During World War I (1914-18), newspaperman, muckraker, and presidential advisor George Creel headed the Committee on Public Information (CPI) under the Woodrow Wilson administration (1913-21). The committee was formed to encourage American patriotism. Tactics used by the committee were considered propaganda by critics. The committee created and atmosphere aroused intense suspicion of anyone not clearly patriotic. This put pressure on less recent immigrants, especially those who emigrated from the countries with which the United States was now at war. Through intimidation and coercion, patriots forced German immigrants to change their names and habits. Congress passed legislation comparable to the Alien and Sedition Acts of a century earlier. The anti-foreign fervor persisted through 1919, shifting focus to Russian Jews, Socialists, and labor groups. In 1918 the U.S. economy was in a shambles due to the disorganized demobilization of troops following the war and the overly speedy end of government controls over industry. Strikes by organized labor and racial strife from black veterans and others caused disruption and fear. Nearly hysterical, Americans reacted by lynching blacks, rioting, and suppressing labor groups. As for immigrants, many were accused of being disloyal or Communist. The U.S. government, pushed by the press and the ultrapatriotic groups, rounded up and deported several hundred aliens arbitrarily and without due process during 1919 in an event known as the Red Scare.
In the 1920s, Congress acted on the racial ideas that had been floating through America for several decades. In a mix of Social Darwinism, racism, and nativism, it set major restrictions on immigration and closed entry into the United States by new immigrant groups (African, Asian, and Latin American) in favor of the old immigrant groups that had come before the industrial age (European). Immigration dropped from 800,000 in 1921 to less than 150,000 in 1929. In 1933 only 23,000 new immigrants came to the United States. In the 1920s those who wanted to come didn't qualify due to the quotas, and those who did quality didn't want to come.

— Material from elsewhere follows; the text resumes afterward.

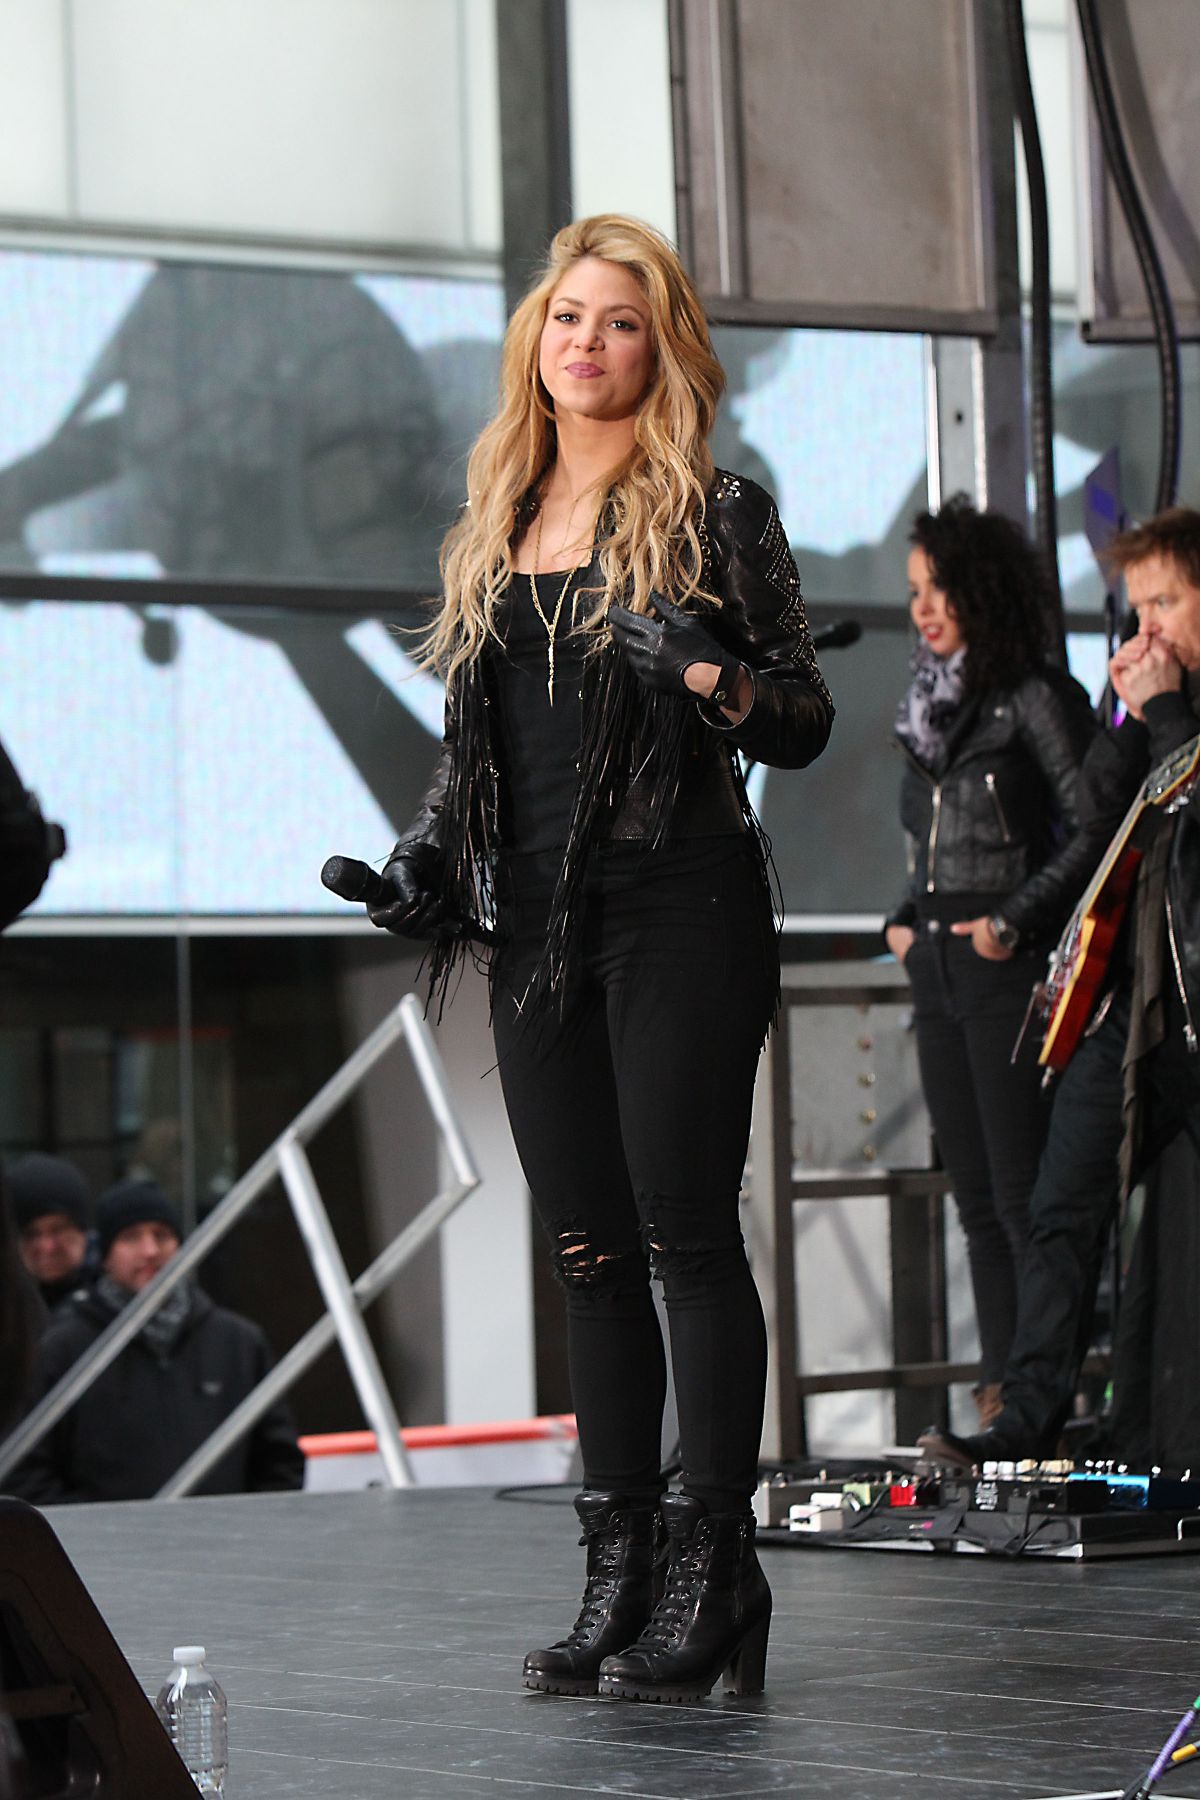 Shakira today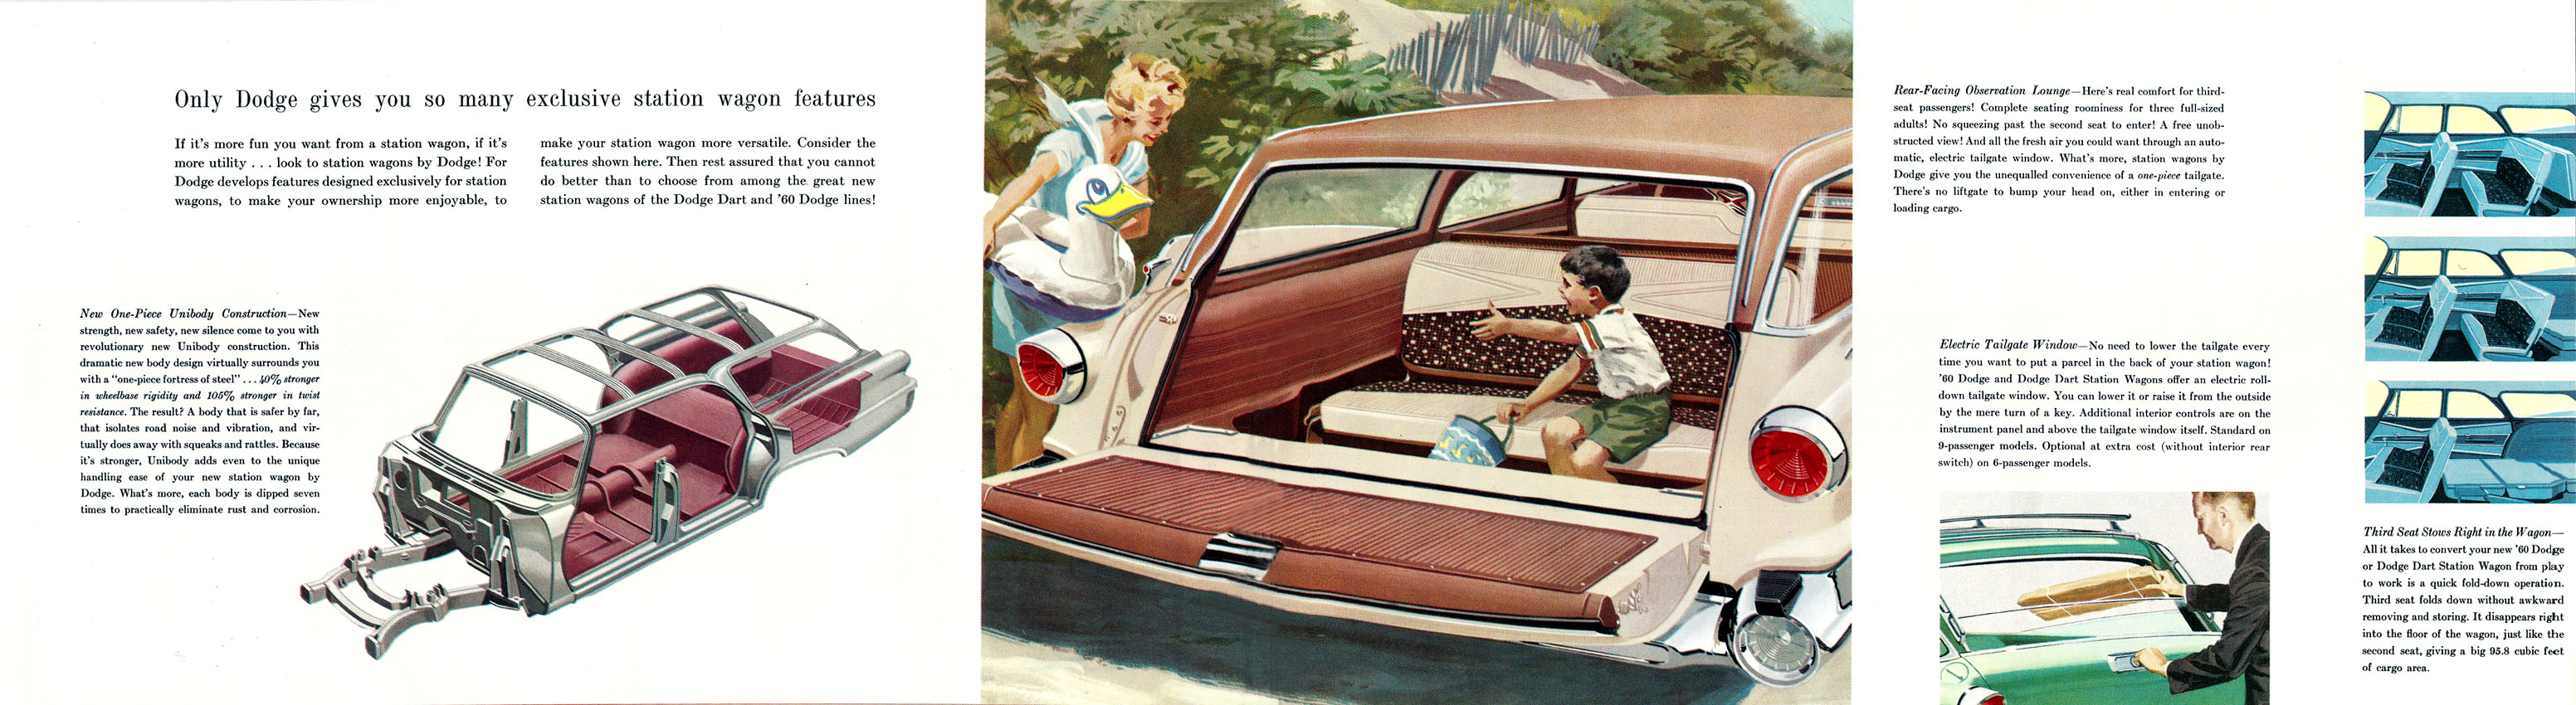 1960_Dodge_Wagons-07

During the Great Depression of the 1930s, the immigrant problem seemed to solve itself. There were refugees, of course, but not in any great numbers, nowhere near what demand and humanity might have dictated (of the millions impoverished around the world in the 1930s and 1940s, only a handful came to the United States). In the United States there ran a strong undercurrent of anti-Semitism, and fascist and Nazi parties (fascism is a system characterized by belligerent racism) became more organized. Failure to change the 1920s immigration laws had made the migration of persecuted people—Jews and others—impossible. Some special accommodations were made for European intellectual exiles, some of whom remained after World War II. Especially noteworthy in this group were the nuclear physicists who put together the first atomic bomb.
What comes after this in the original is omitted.